Task: Print the data exactly as written, line for line, and leave its pictures behind.

Source data: Begin

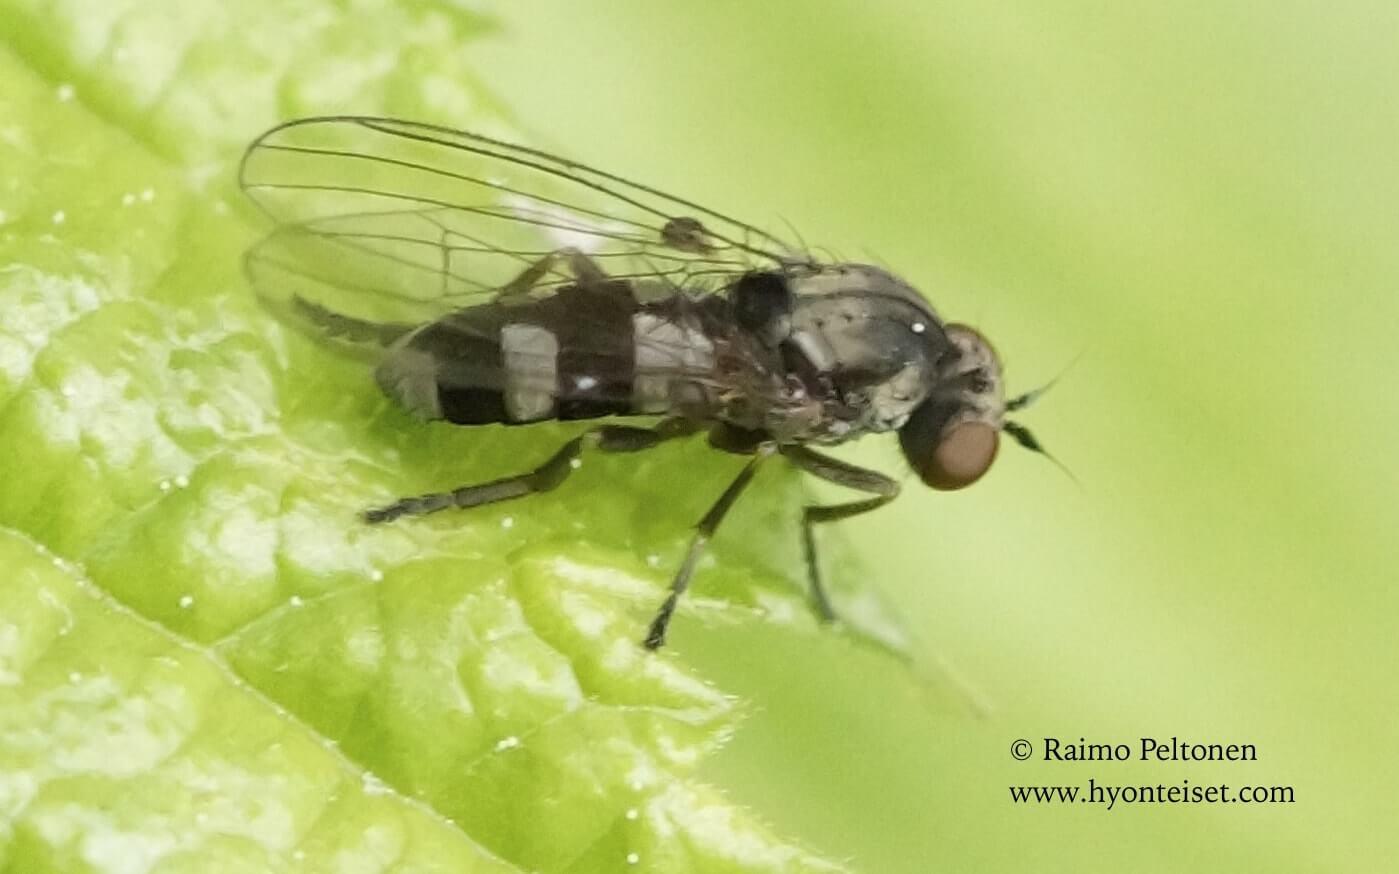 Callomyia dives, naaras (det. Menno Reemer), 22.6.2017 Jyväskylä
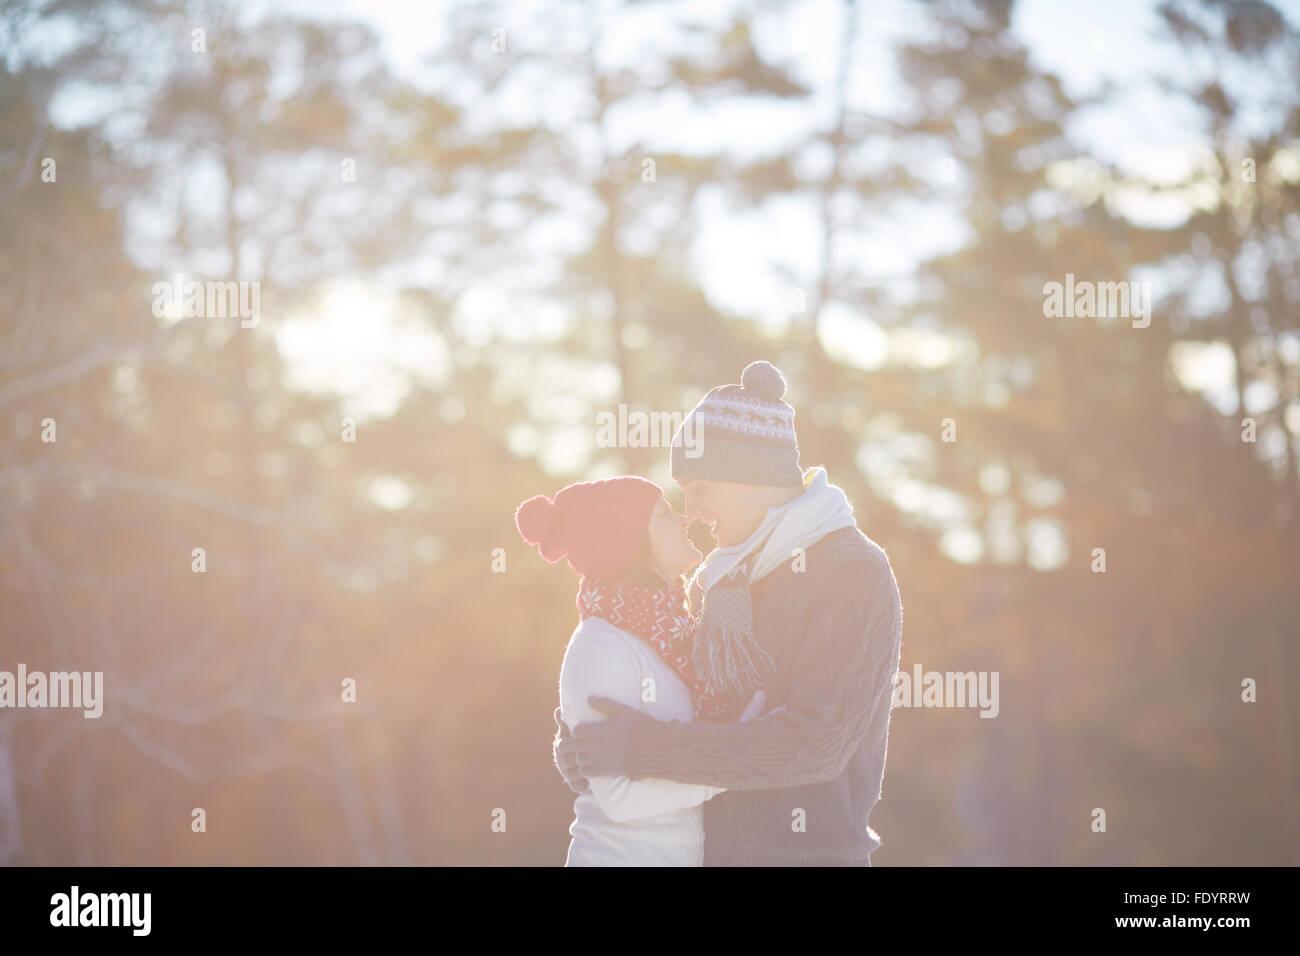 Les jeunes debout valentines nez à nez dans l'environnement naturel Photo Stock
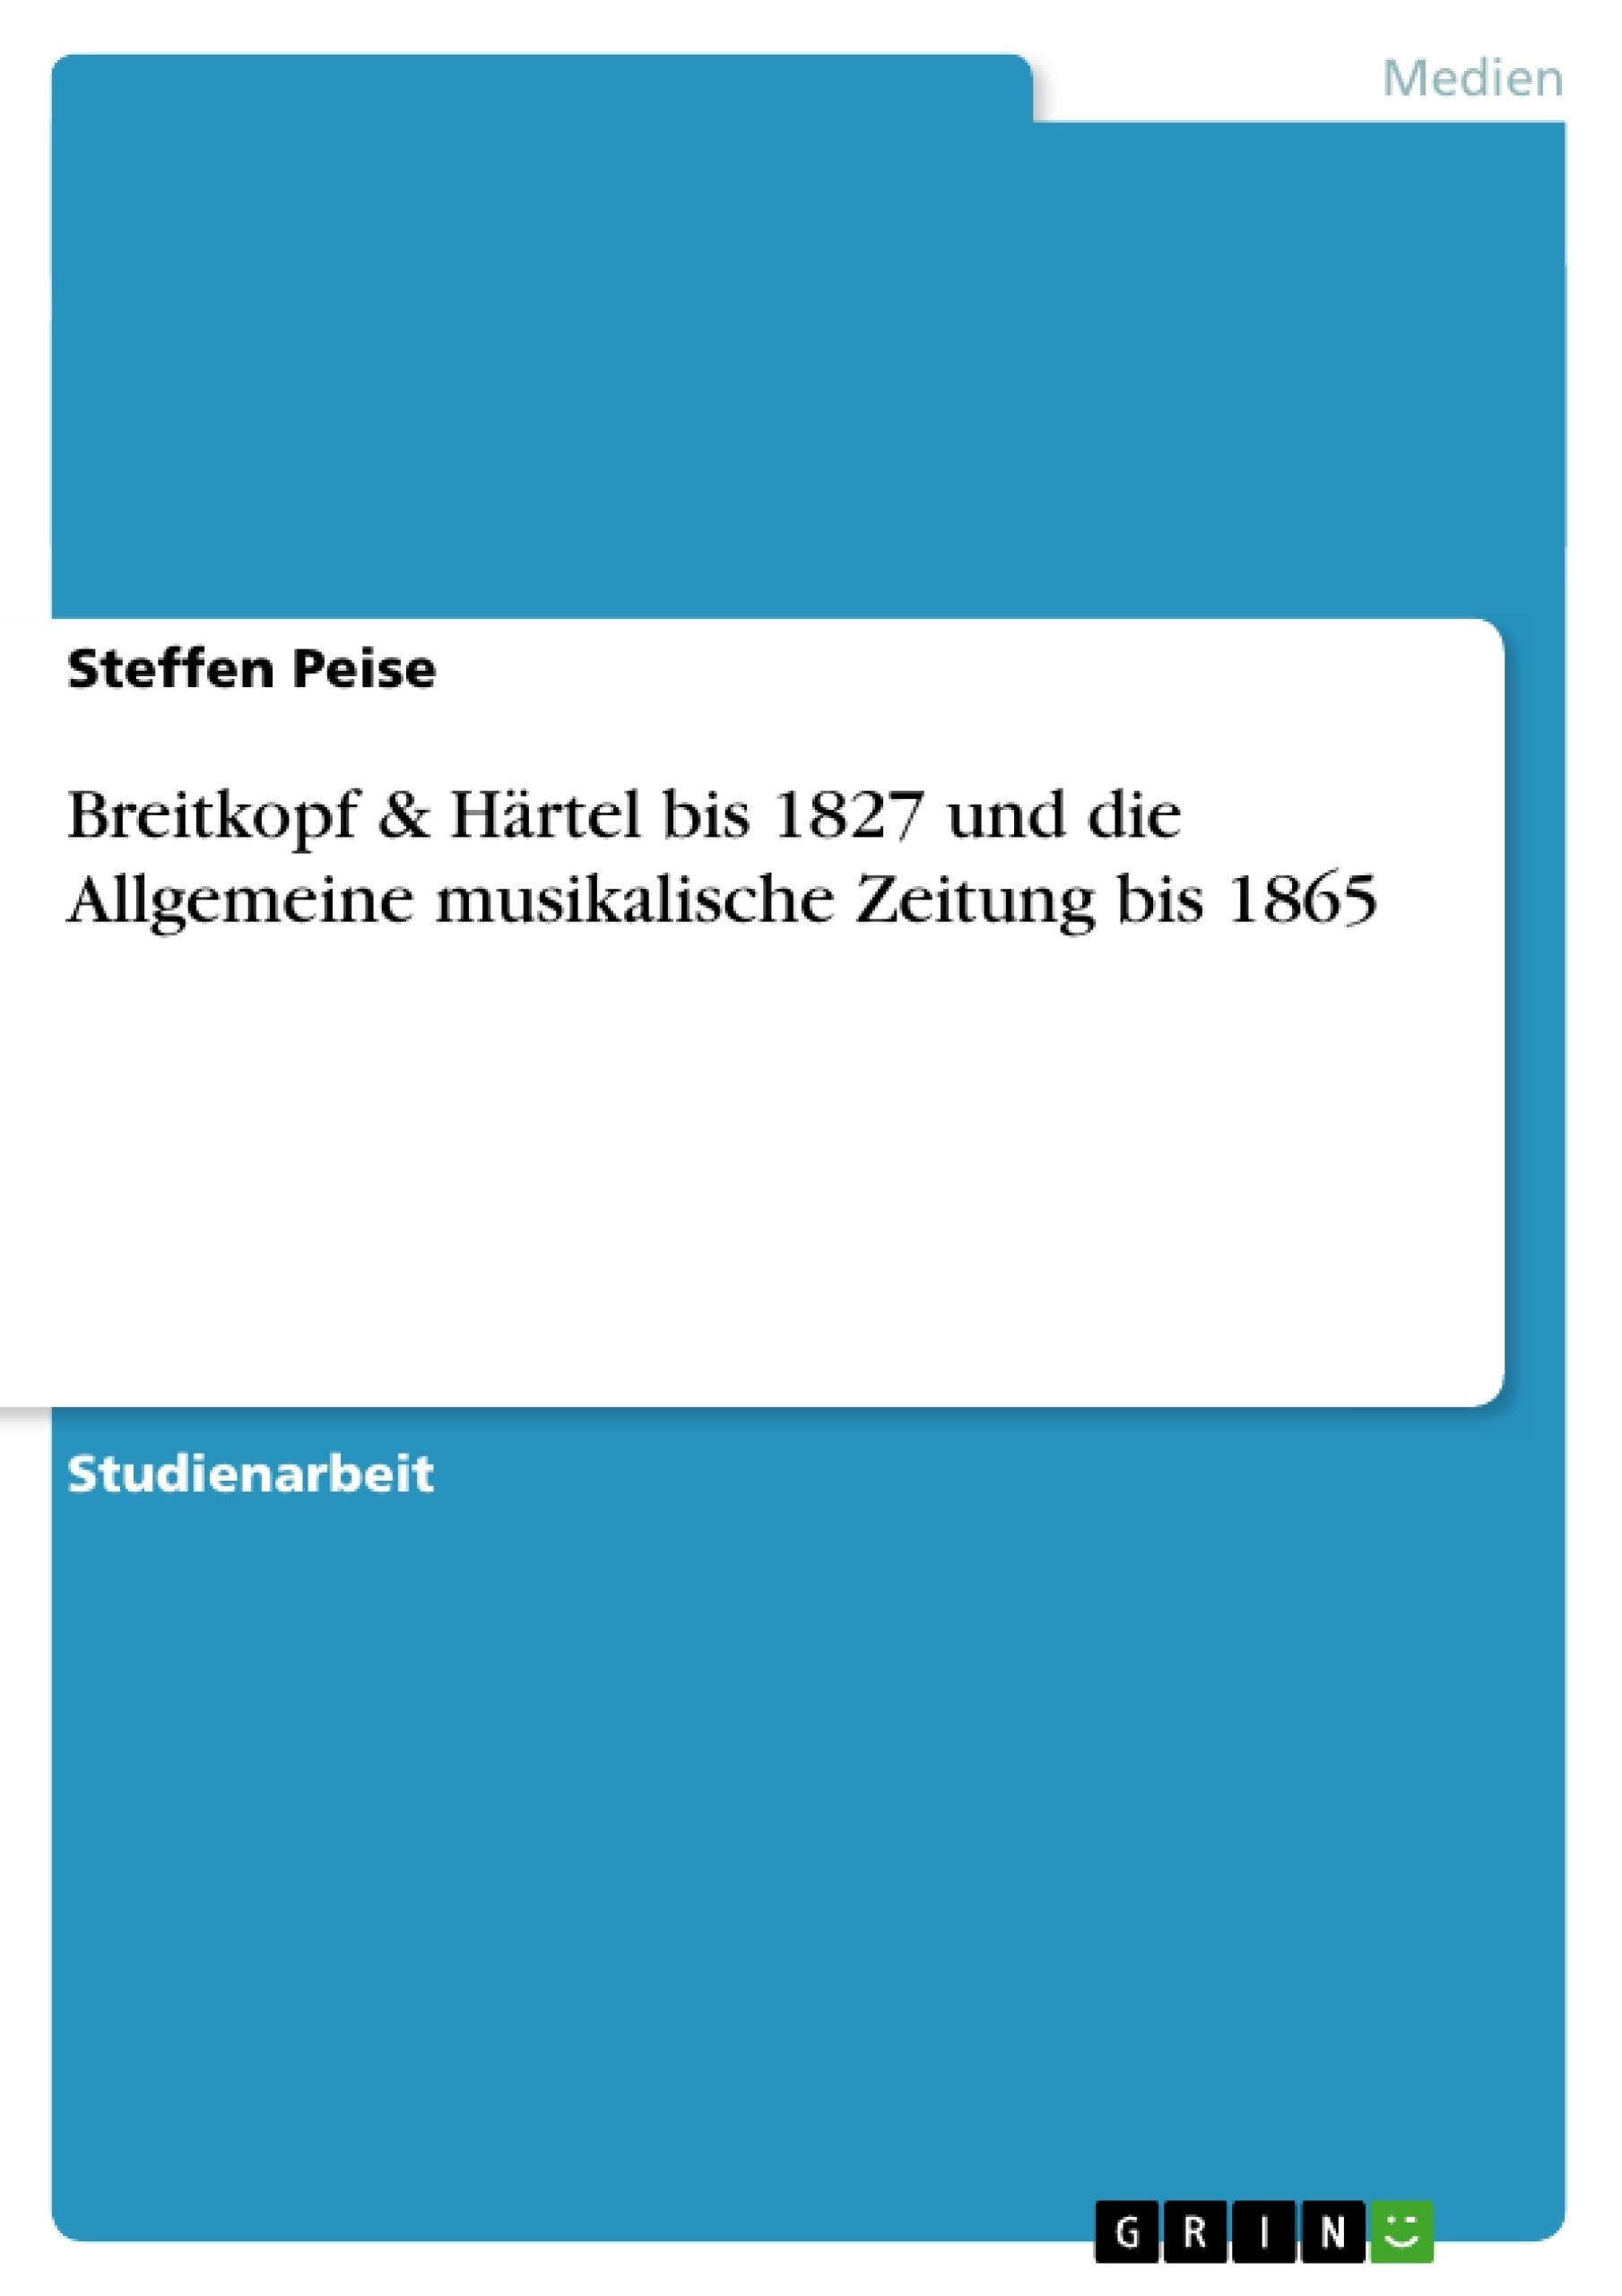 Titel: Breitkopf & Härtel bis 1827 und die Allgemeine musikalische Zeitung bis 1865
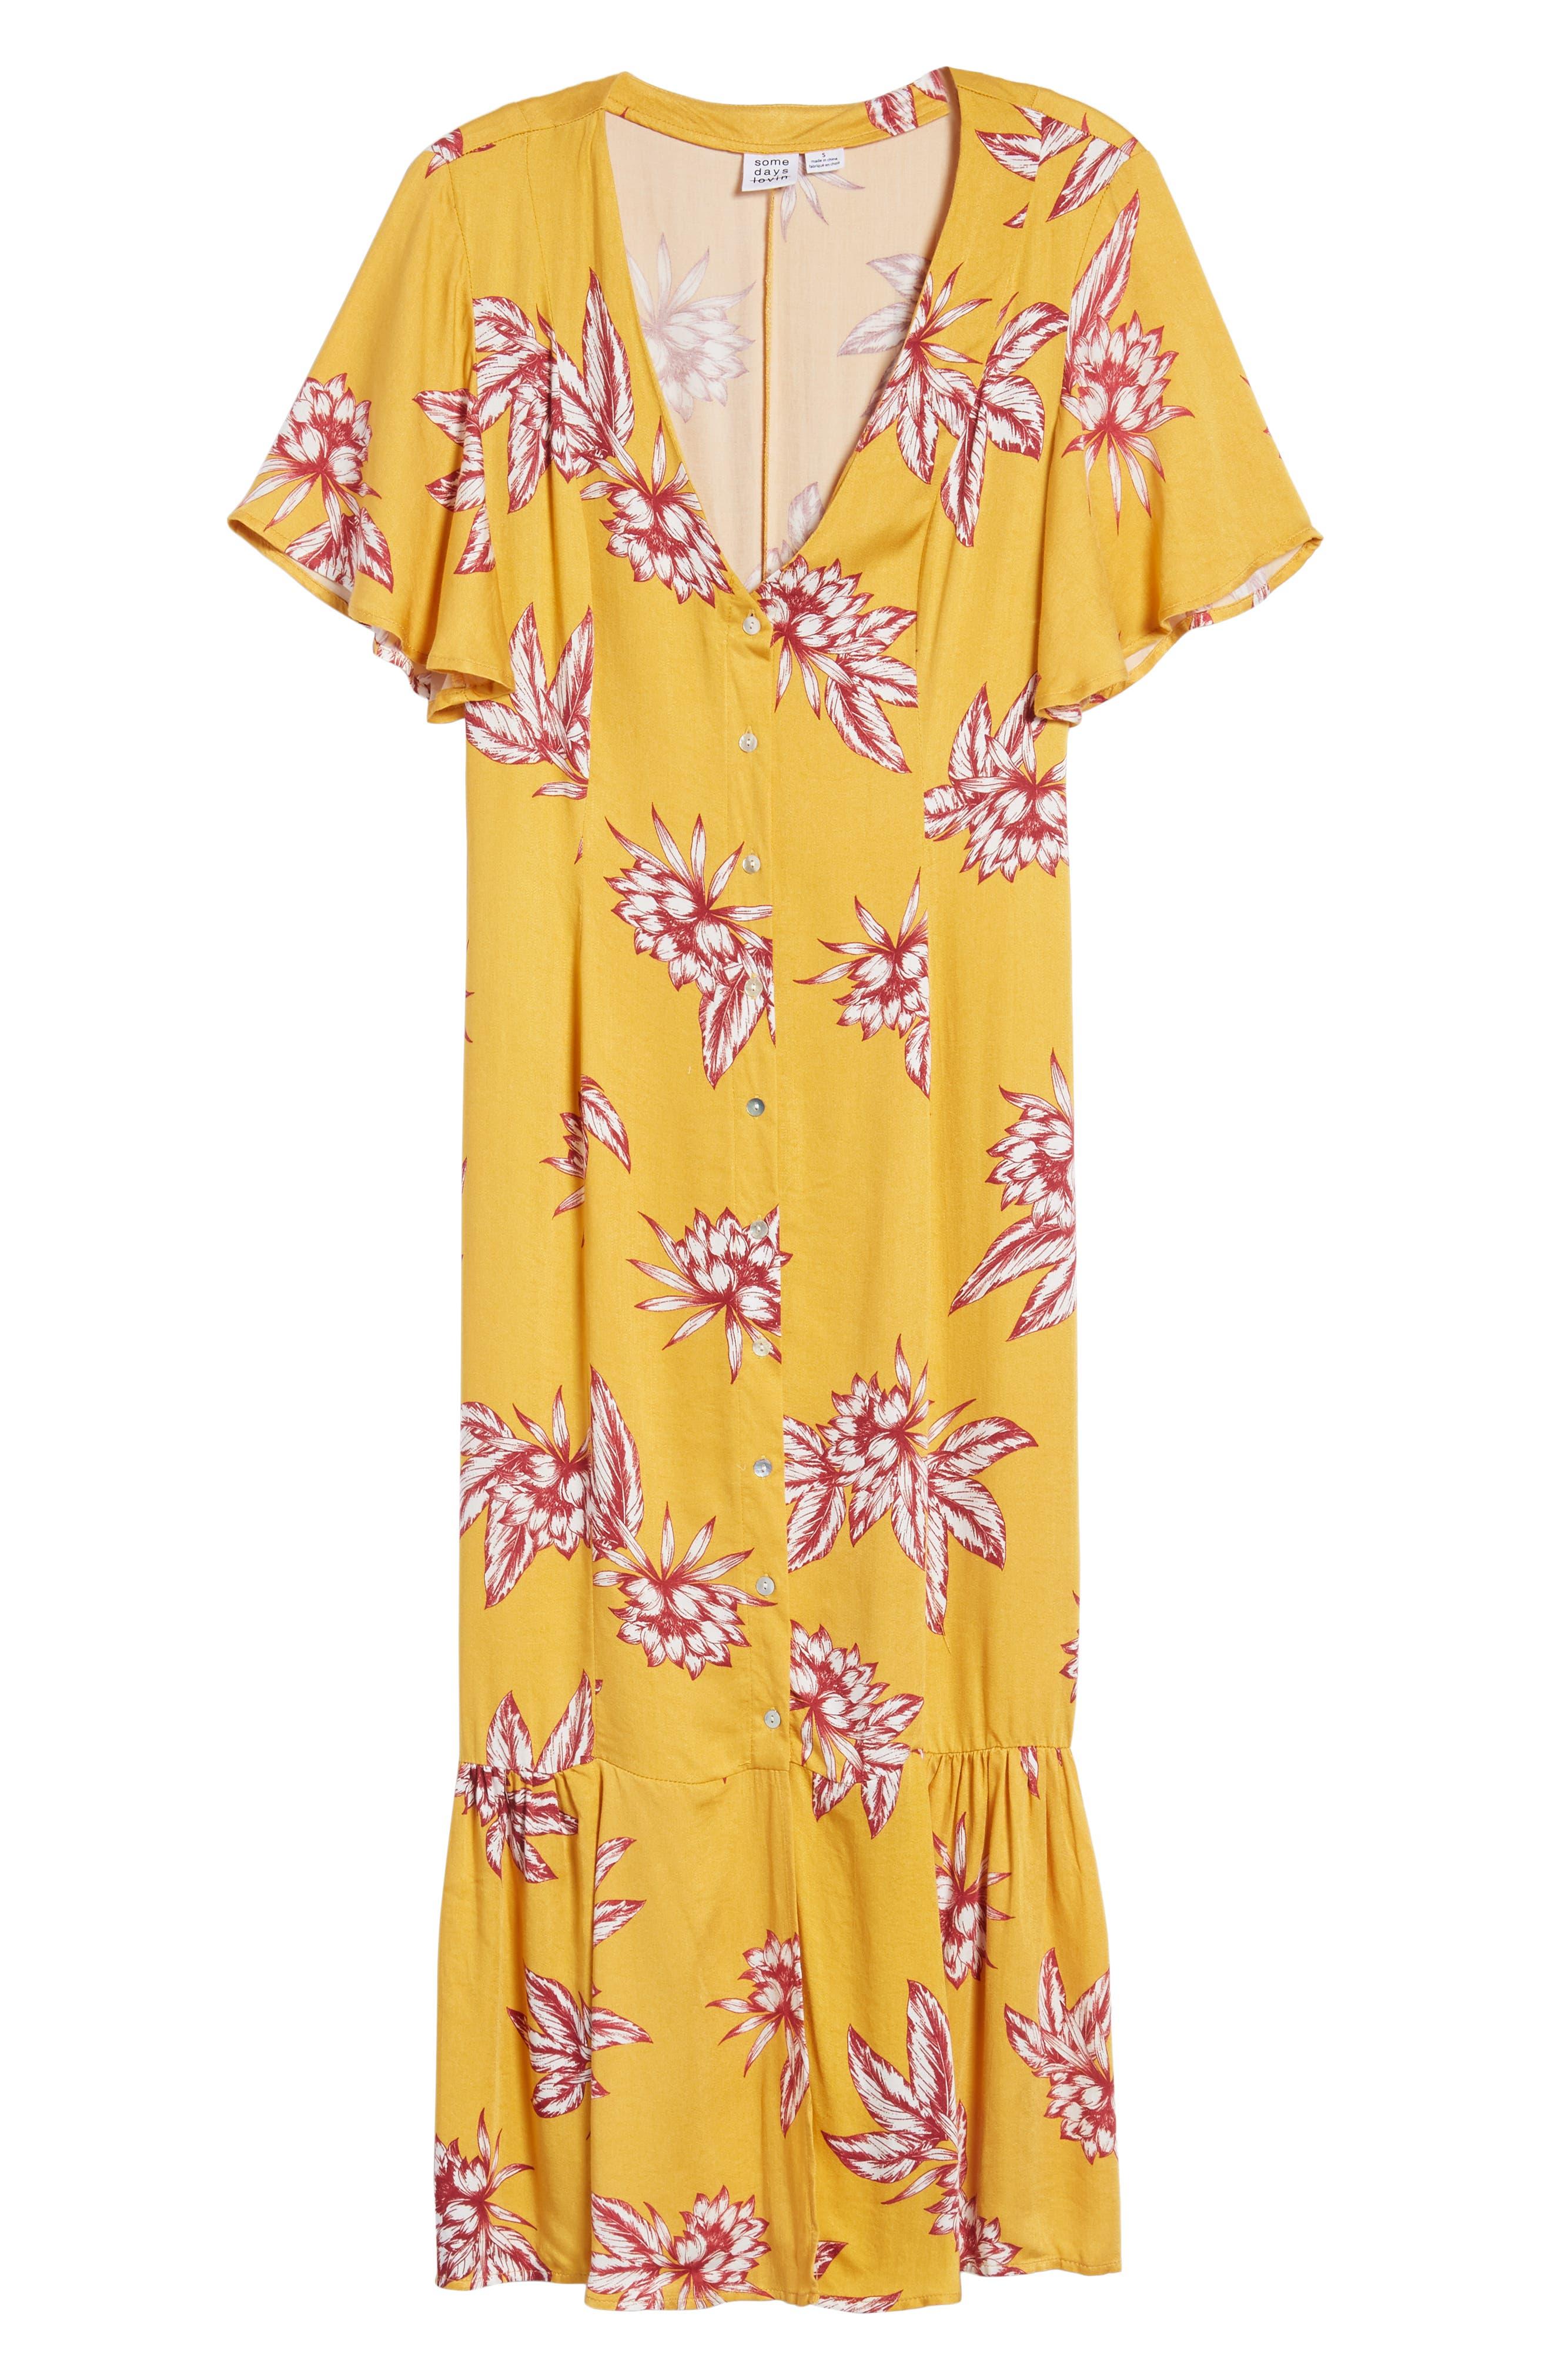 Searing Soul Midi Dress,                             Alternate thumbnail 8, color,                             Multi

Source data: End

Solution:
 Callomyia dives, naaras (det. Menno Reemer), 22.6.2017 Jyväskylä
 Les jeunes debout valentines nez à nez dans l'environnement naturel Photo Stock
 Titel: Breitkopf & Härtel bis 1827 und die Allgemeine musikalische Zeitung bis 1865
 Searing Soul Midi Dress,                             Alternate thumbnail 8, color,                             Multi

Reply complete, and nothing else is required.